Sleep-like slow oscillations induce hierarchical memory association and synaptic homeostasis in thalamo-cortical simulations

arXiv.org Artificial Intelligence

The occurrence of sleep passed through the evolutionary sieve and is widespread in animal species. Sleep is known to be beneficial to cognitive and mnemonic tasks, while chronic sleep deprivation is detrimental. Despite the importance of the phenomenon, a theoretical and computational approach demonstrating the underlying mechanisms is still lacking. In this paper, we show interesting effects of deep-sleep-like slow oscillation activity on a simplified thalamo-cortical model which is trained to encode, retrieve and classify images of handwritten digits. If spike-timing-dependent-plasticity (STDP) is active during slow oscillations, a differential homeostatic process is observed. It is characterized by both a specific enhancement of connections among groups of neurons associated to instances of the same class (digit) and a simultaneous down-regulation of stronger synapses created by the training. This is reflected in a hierarchical organization of post-sleep internal representations.
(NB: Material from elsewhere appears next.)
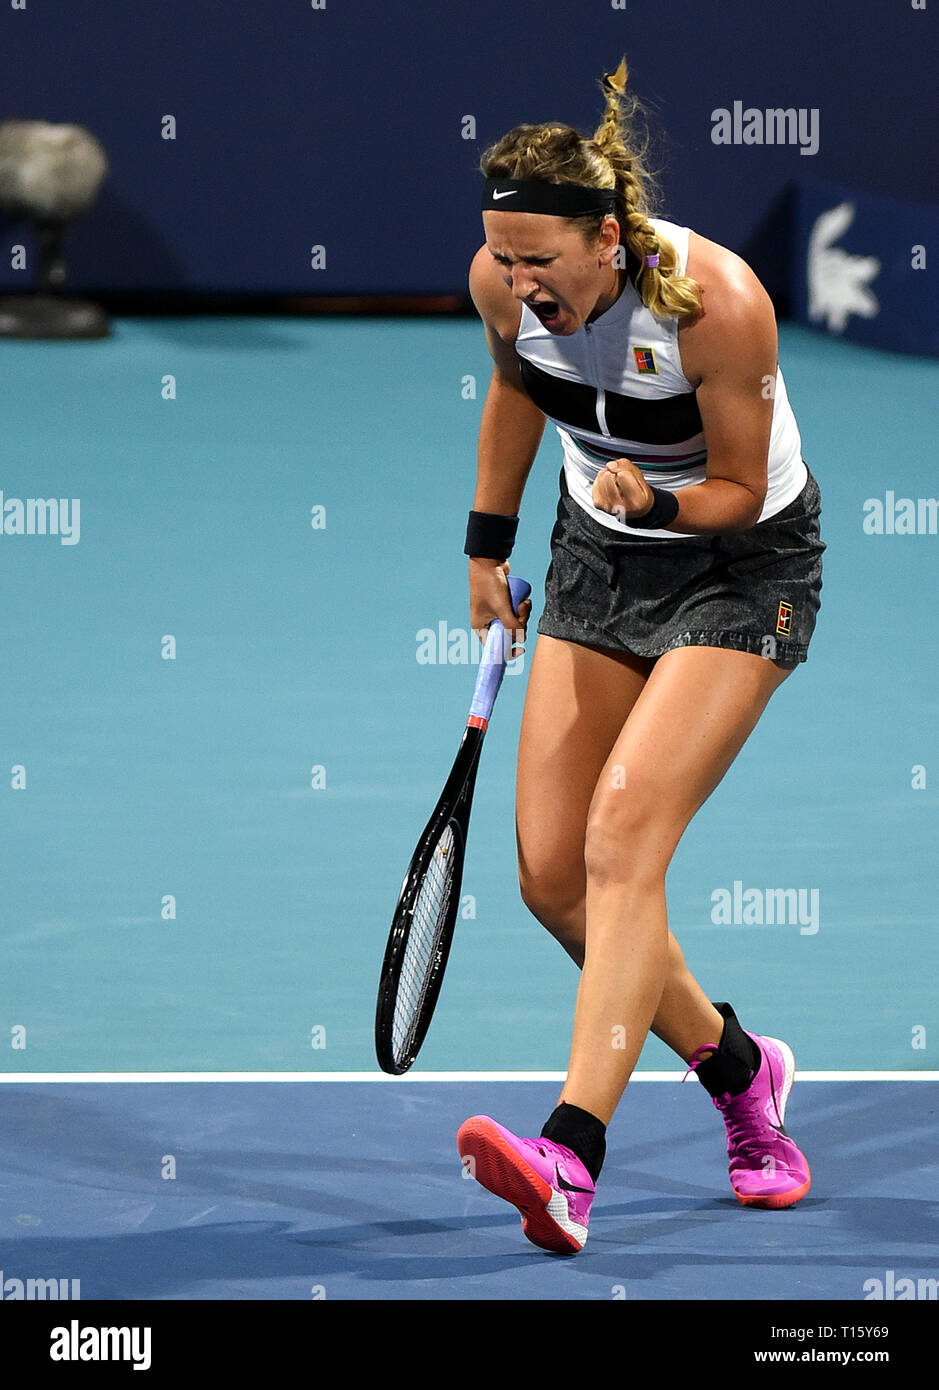 Miami, USA. 21st Mar, 2019.  Victoria Azarenka of Belarus reacts after winning a point against Caroline Garcia of France at the Hard Rock Stadium at the Miami Open on March 21, 2019 in Miami Gardens, Florida. Garcia beat Azarenka 6-3, 6-4. (Paul Hennessy/Alamy) Credit: Paul Hennessy/Alamy Live News Stock Photo

Such effects favour higher performance in retrieval and classification tasks and create hierarchies of categories in integrated representations. The model leverages on the coincidence of top-down contextual information with bottom-up sensory flow during the training phase and on the integration of top-down predictions and bottom-up thalamo-cortical pathways during deep-sleep-like slow oscillations. Also, such mechanism hints at possible applications to artificial learning systems.